BEGIN MATERIAL PROVIDED

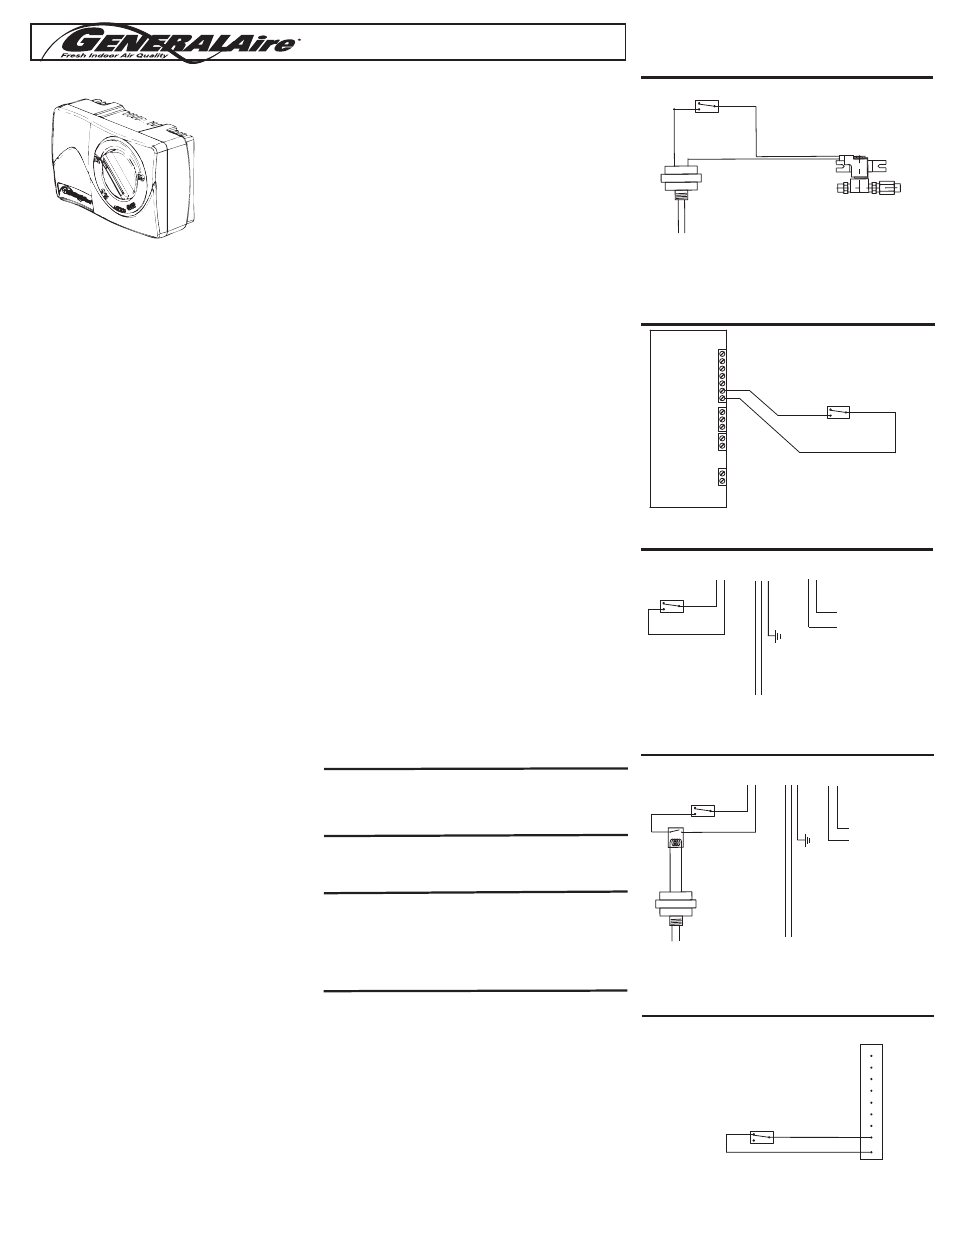 Generalaire Humidistat Wiring Diagram
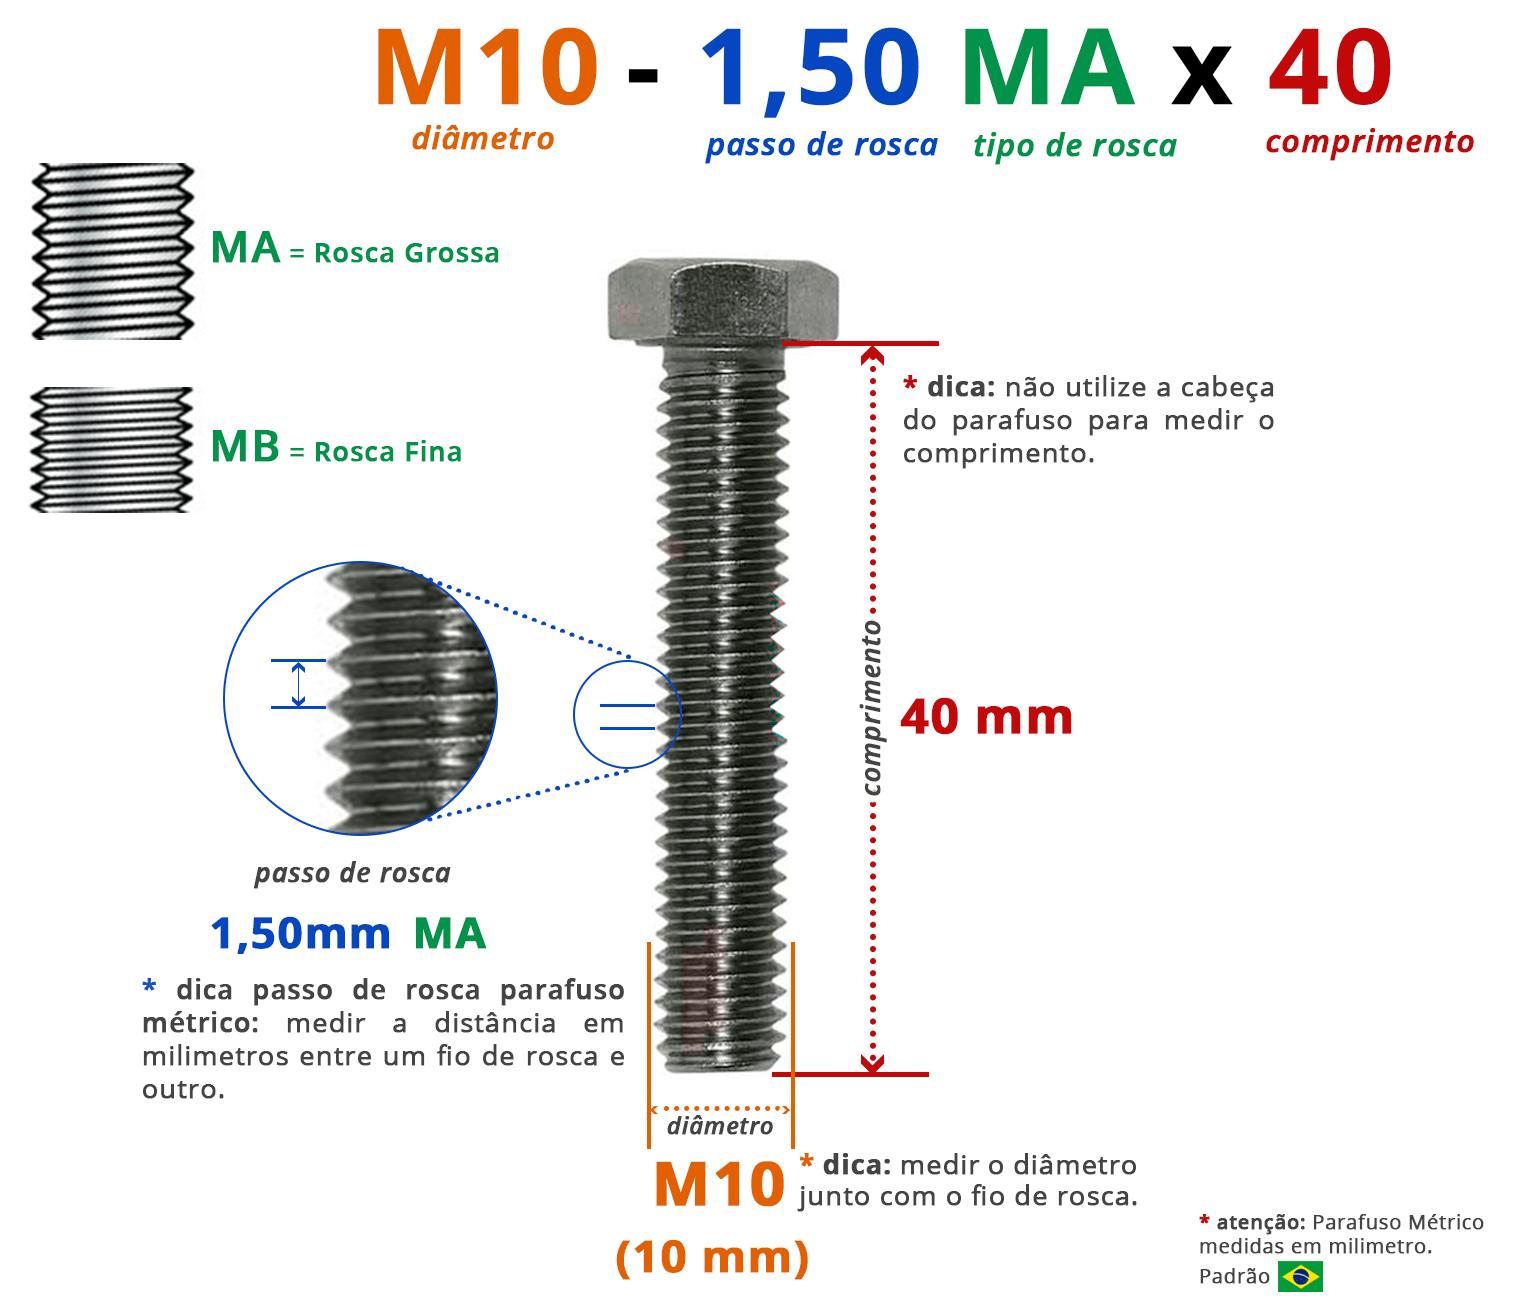 PARAFUSO SEXTAVADO ROSCA INTEIRA M10 1,50 MA X 40 DIN 933 INOX A4
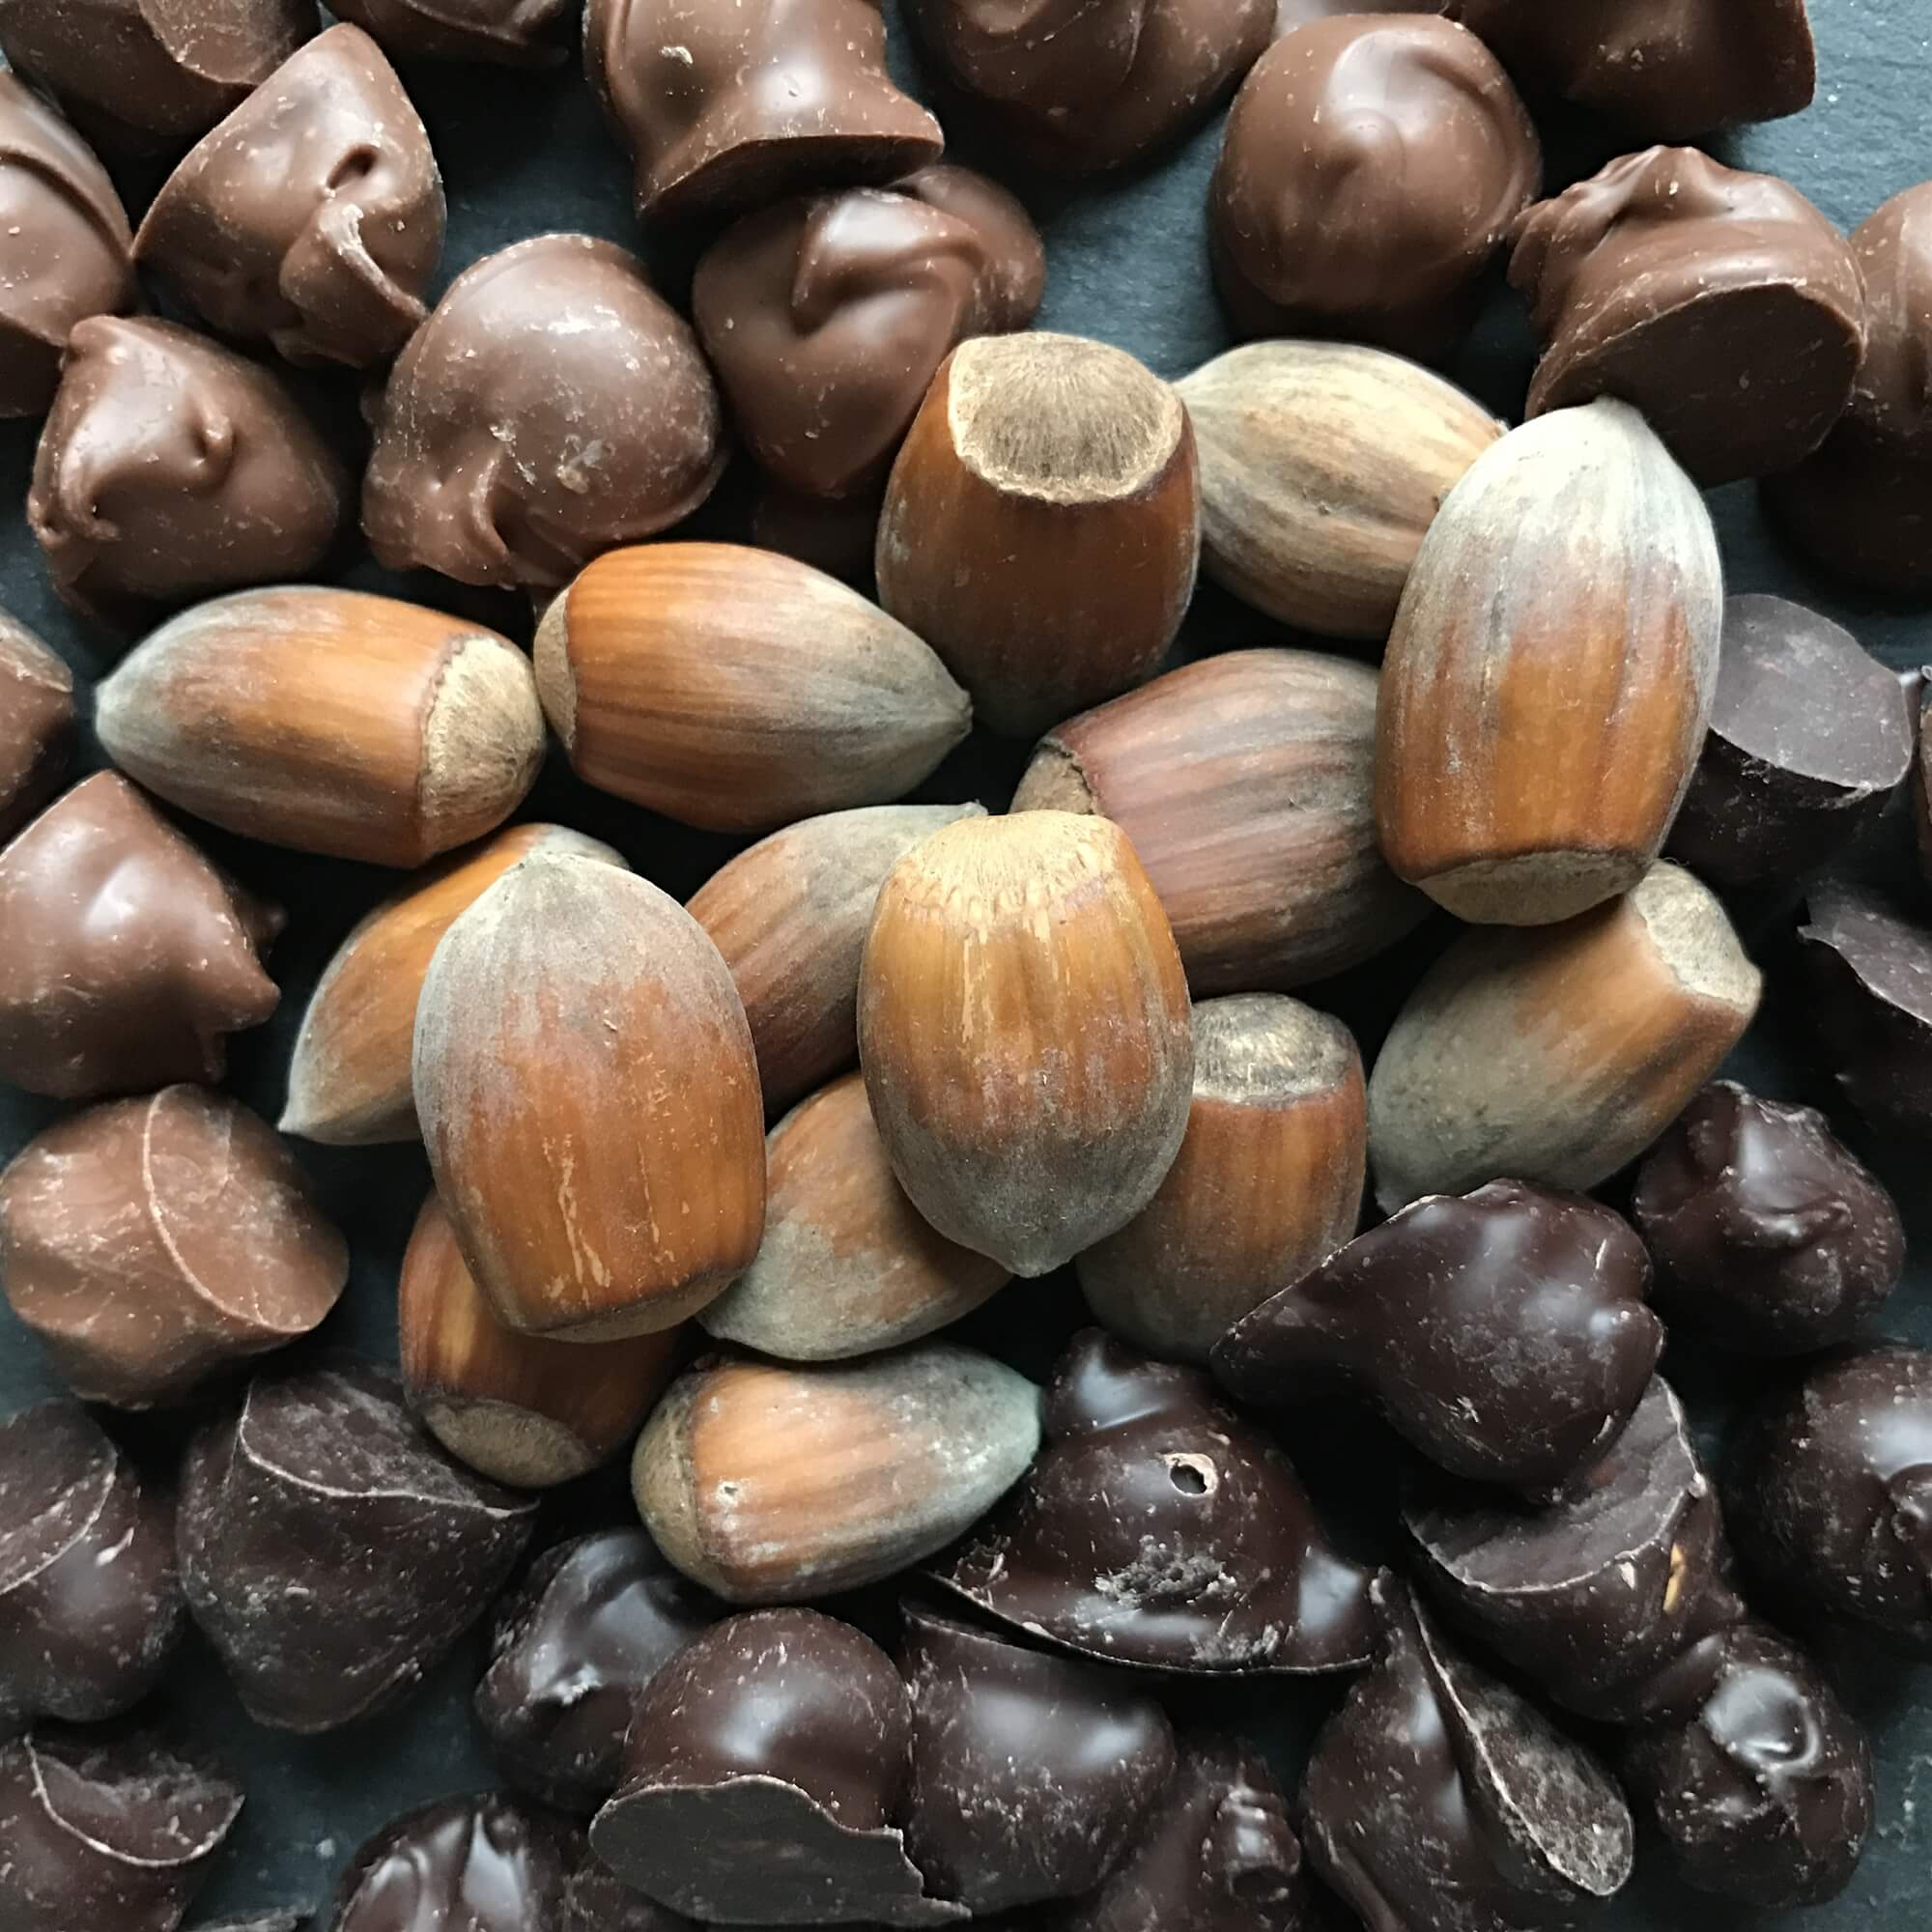 Plattinums Kentish Cobnuts - Plattinums Kentish Cobnuts are lightly caramalised and enrobed in a 45% Belgian milk chocolate or 70% Belgian dark chocolate

END MATERIAL PROVIDED

#### DIRECTIONS FOR THIS TASK
Everything in the material must be duplicated exactly, except the pictures.

#### REPLY
 Generalaire Humidistat Wiring Diagram
 PARAFUSO SEXTAVADO ROSCA INTEIRA M10 1,50 MA X 40 DIN 933 INOX A4
 Plattinums Kentish Cobnuts - Plattinums Kentish Cobnuts are lightly caramalised and enrobed in a 45% Belgian milk chocolate or 70% Belgian dark chocolate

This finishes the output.